Federal Court Decisions

Decision Information

Decision Content

 

Date: 20070522

Docket: T-1554-02

Citation: 2007 FC 542

BETWEEN:

HUGH STANFIELD, GRETA ANDERSON, ROBERT ANDERSON,

DONALD APOLCZER, CAROL L. APOLCZER, JAMES C. AYEARST,

ELIZABETH JOAN AYEARST, CHRISTINE BANVILLE, BRENT BEYAK,

DAVID G. BLISSETT, JAMES L. BRADY, KEITH BROOKE,

GEORGE BURDEN, DONALD CAREY, PATRICIA CARPENTER,

ALAN CARPENTER, MARIA CLARKE, KENNETH CLARKE,

JULIA S. CUNDLIFFE, KATE A. DAVIS, LARRY DAVIS,

ALLAN DE HAAN, HERB DEMARS, TERRANCE DUNFORD,

IRVINE J. DYCK, NORMA FARENICK, STEPHAN FRALICK,

RENEE GALLANT, ROY GALLANT, MARY GELPKE, PAUL GELPKE,

DIANNE GERMAIN, BEN GOERTZEN, MARTHA GOERTZEN,

PETER GRABOSKI, FRANK GRAF, GARY H. GRUETER,

DAVID R. HACKETT, ERIC. R. HARRISON, KENNETH ALLAN HAY,

JOHN A. HIGGINS, GEOFFREY HILLIARD, WILLIAM JOHNSON,

PETER LEGER, EDNA L. LINDAL, ROBERT LINDAL,

WAYNE GARRY MARTIN, ED MACINTOSH, ROBERT MCGINN,

TERENCE MEADOWS, ROBERT NABER, EDITH NELSON,

GARTH L. NELSON, GLENN PARKER, JOAN L. PARSONS,

HELEN PARSONS, DANNY PAWLACHUK, JOSEPH PENNIMPEDE,

IRENE PENNIMPEDE, BRENDA QUATTRIN, GARRY REIMER,

NEIL REINHART, GLEN ROBBINS, LUC ROBERGE, JOAN ELLEN SABOURIN,

PAUL WYATT SABOURIN, MARK SAMPSON, SUSAN SCOTT, PHILIP SCOTT,

MICHAEL SLADE, KAZIK SMILOWSKI, FRANCES SMILOWSKI,

CANDICE STANFIELD, SEONA STEPHEN, JOHN G. STEPHEN,

GREGORY STEVENS, JENNIFER STEVENS, ROGER S. STOGRE,

BRIAN E. STOUTENBURG, LESLEY SUGGITT, JAMES H. SUGGITT,

SCOTT THOMSON, ALLAN TOLSMA, TOM TOLSMA, AGNES DOROTHY TOLSMA,

ANDREW TROJNER, MARY TROJNER, JIM R. TROJNER,

GEORGE H. WADSWORTH, SHARON WADSWORTH, GLENYS WHELAN,

EARL WILKES, DAVID J. WILLIAMS, MILDRED WILLIAMSON,

KERRY WILSON, HARVEY YARN, DAVID ZEVICK, PREBEN ANDERSEN,

DANIEL M. ARRIGO, ROBERT P. BLAIR, STEPHEN P. BURKE,

BRENT CARLSON, FIONA DOUGLAS-CRAMPTON, HELEN FADDEN,

REID FREDERICK, EDGAR GIESBRECHT, JOHN GORDON,

GARY HAMMER, JOHN F. HEATHE, JUDITH A. KOSTUK,

 

 

 

RON A. KROWCHUK, LARRY LEDOUX, PENNY LEDOUX,

ERNEST REIMER, LAURIE REIMER, MAXWELL THOMPSON

 

Applicants

and

 

THE MINISTER OF NATIONAL REVENUE

Respondent

 

 

 

ASSESSMENT OF COSTS - REASONS

Charles E. Stinson

Assessment Officer

[1]               This application for judicial review, addressing a request by the Respondent for audit information asserted by the Applicants to actually be for criminal investigation purposes, was granted with costs against the Respondent.
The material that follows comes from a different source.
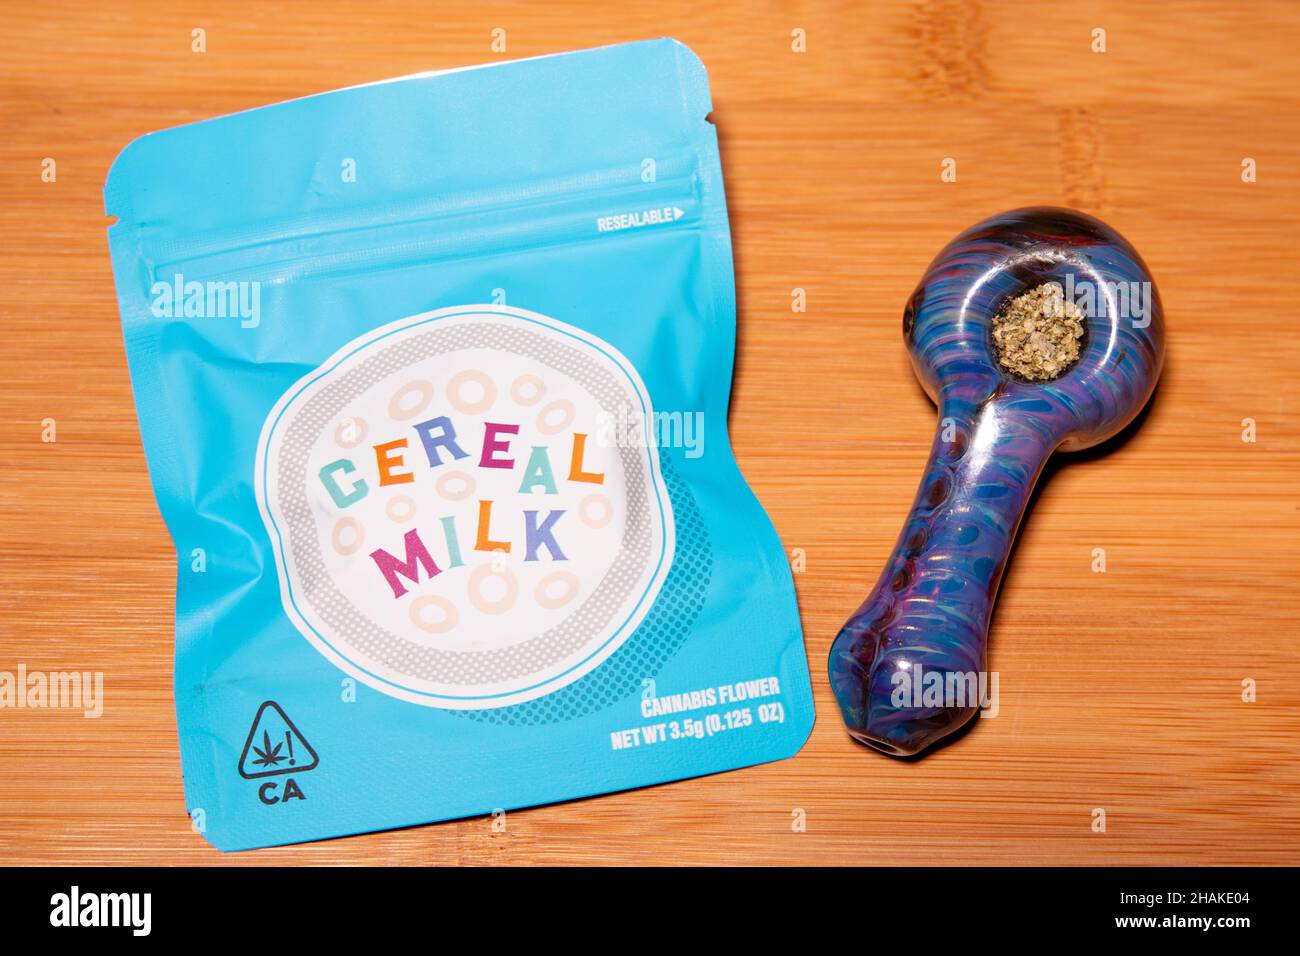 Package of Cereal Milk by Cookies legal cannabis from California Stock Photo

I issued a timetable for written disposition of the assessment of the Applicants' bill of costs.

 

[2]               The Respondent objected to the 6 units ($120.00 per unit) claimed under counsel fee item 4 for two motions to consolidate as the resultant orders were silent on costs. The Applicants did not address this in rebuttal. In any event, I disallow the 6 units further to my conclusions in Balisky v. Canada (Minister of Natural Resources), [2004] F.C.J. No. 536 (A.O.) at para. [6] and Aird v. Country Park Village Properties (Mainland) Ltd., [2005] F.C.J. No. 1426 (A.O.) at para. [10]. The Respondent's only other objection addressed the claim for 223 units under item 1 (preparation and filing of originating documents and application records / available range 4-7 units). The remaining fee items not in issue are only claimed once for the Applicants as a whole.

 

[3]               Court file T-1554-02 was instituted in the name of Hugh Stanfield (the Stanfield Applicant) only. However, many other individuals had brought similar applications for judicial review. The Stanfield Applicant moved the Court, counsel for the Respondent consenting, for an order consolidating certain of said applications (96) with court file T-1554-02 on the grounds that they all sought similar relief, all involved substantially similar evidence, the outcome in court file T-1554-02 would likely resolve said applications and such consolidation would promote expeditious and inexpensive resolutions by avoiding a multiplicity of proceedings. On November 14, 2002, the Prothonotary, John A. Hargrave (the Prothonotary) ordered (the 1st Order) that:

The matters in Schedule "A", which Schedule is attached, are now consolidated, to be heard together, or one following the other as the hearing judge may determine.

 

All filing shall now to be in this file, T-1554-02. Filings to date in the Schedule "A" proceedings are now deemed to have been made in this file, T-1554-02.

 

A copy of this Order shall go into each Schedule "A" file.

 

The style of cause shall now be that set out above.

 

 

Subsequently, the Applicants moved the Court, counsel for the Respondent consenting, for similar relief relative to an additional nineteen of said applications. On January 28, 2003, the Prothonotary ordered (the 2nd Order) that:

The matters in Schedule "A" above are now consolidated into this proceeding, T-1554-02, to be heard together, or one following the other as the hearing judge may decide.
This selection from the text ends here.